To launch the Flask application responsible for orchestrating the collection builder components, use the following command:

$ DATA_DIR="/home/user/data/bdc-collection-builder" \
  SQLALCHEMY_DATABASE_URI="postgresql://postgres:postgres@localhost:5432/bdc" \
  REDIS_URL="redis://localhost:6379" \
  RABBIT_MQ_URL="pyamqp://guest@localhost" \
  bdc-collection-builder run

As soon as the Flask application is up and running, it will present a message like:

* Environment: production
  WARNING: This is a development server. Do not use it in a production deployment.
  Use a production WSGI server instead.
* Debug mode: off
* Running on http://127.0.0.1:5000/ (Press CTRL+C to quit)

Usage

Please, refer to the document :doc:`usage` for information on how to use the collection builder to download and generate surface reflectance data products.

Footnotes

[1]

During librabbitmq installation, if you have a build message such as the one showed below:

...
Running setup.py install for SQLAlchemy-Utils ... done
Running setup.py install for bdc-db ... done
Running setup.py install for librabbitmq ... error
ERROR: Command errored out with exit status 1:
 command: /home/user/bdc-collection-builder/venv/bin/python3.7 -u -c
    'import sys, setuptools, tokenize; sys.argv[0] = '"'"'/tmp/pip-install-1i7mp5js/librabbitmq/setup.py'"'"'...
     cwd: /tmp/pip-install-1i7mp5js/librabbitmq/
Complete output (107 lines):
/tmp/pip-install-1i7mp5js/librabbitmq/setup.py:167: DeprecationWarning: 'U' mode is deprecated
  long_description = open(os.path.join(BASE_PATH, 'README.rst'), 'U').read()
running build
- pull submodule rabbitmq-c...
Cloning into 'rabbitmq-c'...
Note: checking out 'caad0ef1533783729c7644a226c989c79b4c497b'.

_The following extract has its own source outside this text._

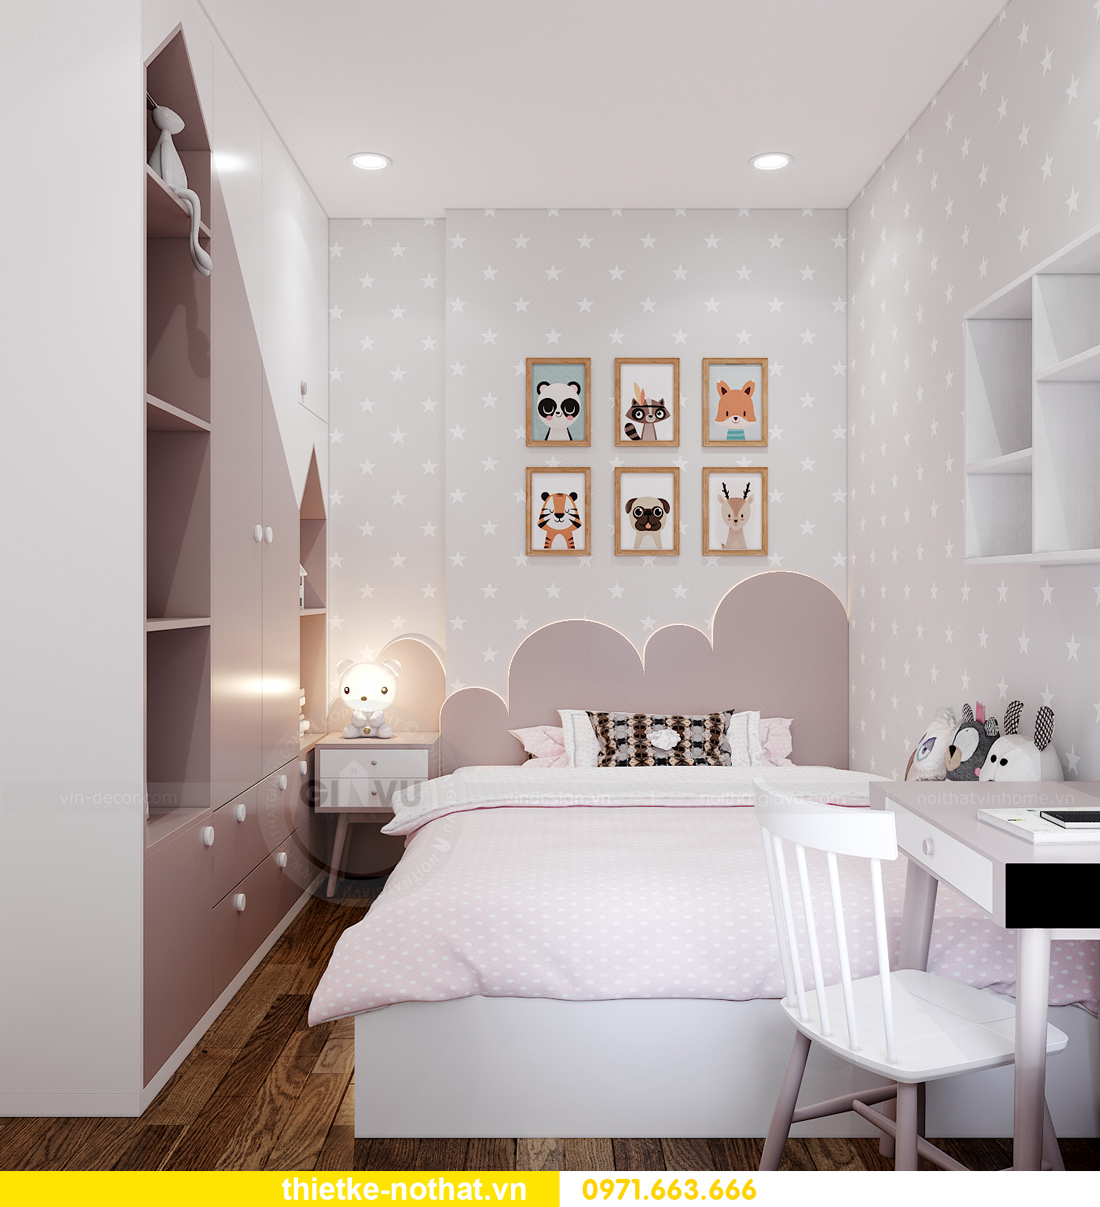 thiết kế nội thất căn hộ 2 phòng ngủ tại Vinhomes Smart City 10

You are in 'detached HEAD' state. You can look around, make experimental
changes and commit them, and you can discard any commits you make in this
state without impacting any branches by performing another checkout.

If you want to create a new branch to retain commits you create, you may
do so (now or later) by using -b with the checkout command again. Example:

  git checkout -b <new-branch-name>

- autoreconf
sh: 1: autoreconf: not found
- configure rabbitmq-c...
/bin/sh: 0: Can't open configure

You will need to install autoconf:

$ sudo apt install autoconf